米証券取引委員会(SEC)は31日、ブローカーディーラーによる証券借入時の担保要件を見直し、大口機関投資家から受け入れ可能な資産範囲を拡大した。ラッセル1000やS&P500に連動する大型株バスケットを新たに担保として認め、従来の現金や米国債中心の枠組みを転換する。分散株式ポートフォリオの活用により資金効率と流動性が高まり、暗号資産を含むリスク資産市場への資金流入を後押しする可能性がある。
新たな担保カテゴリー、証券貸借市場に照準
これまで、証券取引法第15c3-3条は、担保として受け入れ可能な金融商品の範囲を厳しく限定してきた。機関顧客から株式を借り入れて未決済取引や空売りをカバーしようとするブローカーディーラーは、担保の選択肢に大きな制約があった。
新たな命令では、「適格エクイティ担保」が導入された。これはラッセル1000やS&P500から選ばれた、顧客信用取引口座やブローカーディーラー自己勘定の株式の分散バスケットと定義されている。
これらの指数に連動するレバレッジなしのETF(上場投資信託)も担保として認められる。
参加には厳格な条件が設定
この担保スキームが利用できるのは「適格機関証券貸主」に限定される。対象要件は以下のとおり:
- 証券法1933年法第144A条で定義される適格機関投資家であること
- 裁量で1億ドル以上の証券を保有していること
- または1億ドル以上の未償還証券貸付を有するエージェントバンクを介して取引していること
ブローカーディーラーは、ユーロ、英ポンド、スイスフラン、カナダドル、日本円など主要通貨建て証券の場合は1%、それ以外の場合は5%の超過担保を義務付けられる。
すべての担保は銀行または登録ブローカーディーラーで保管しなければならない。
両当事者は、集中リスクや分散基準に合意する必要がある。担保は日次で時価評価され、担保や貸主が要件を満たさなくなった場合、5営業日の猶予期間が設けられる。
SECは今回の命令と併せて、業界団体向けにスタッフによる解釈書も発出し、市場参加者に対する協調的な指針を示した。

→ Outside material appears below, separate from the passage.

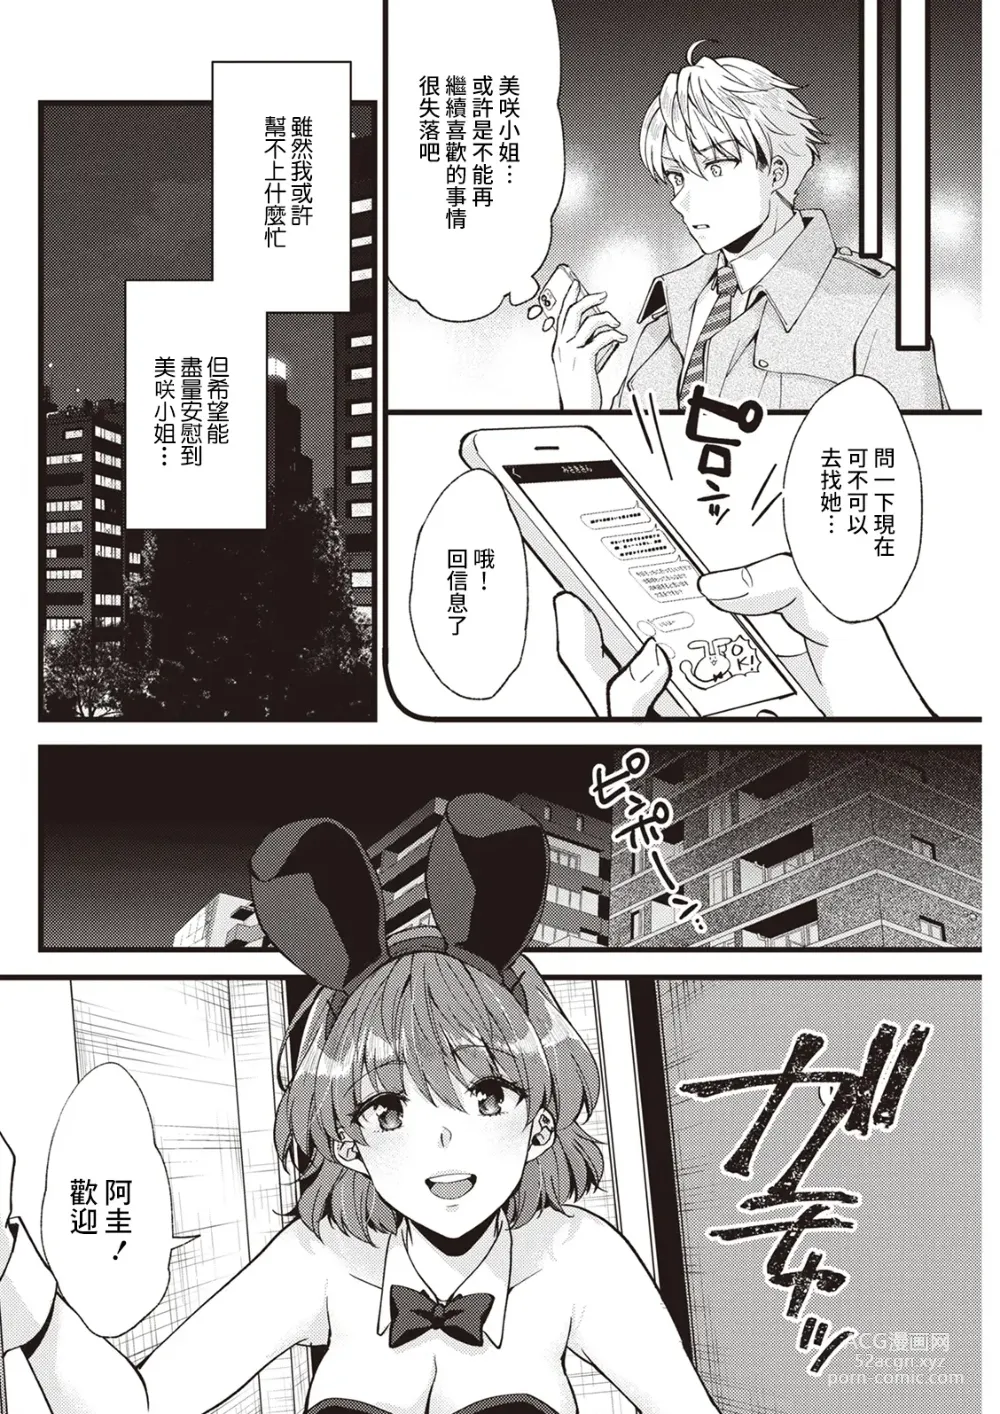 Page 4 of manga Koi wa Just in me

- Securities Industry and Financial Markets Association(SIFMA)
- International Securities Lending Association(ISLA)
SECは、流動性や低ボラティリティ、市場厚み、発行企業の規模等を理由に、ラッセル1000とS&P500の銘柄を選定した。
「この命令とSIFMA・ISLAへのスタッフ解釈書により、証券貸借市場の流動性向上とリスク管理強化を図る」 こうSECは説明した。
市場参加者が新たな枠組みを実際に広く採用するかどうかは、今後数か月で明らかとなる。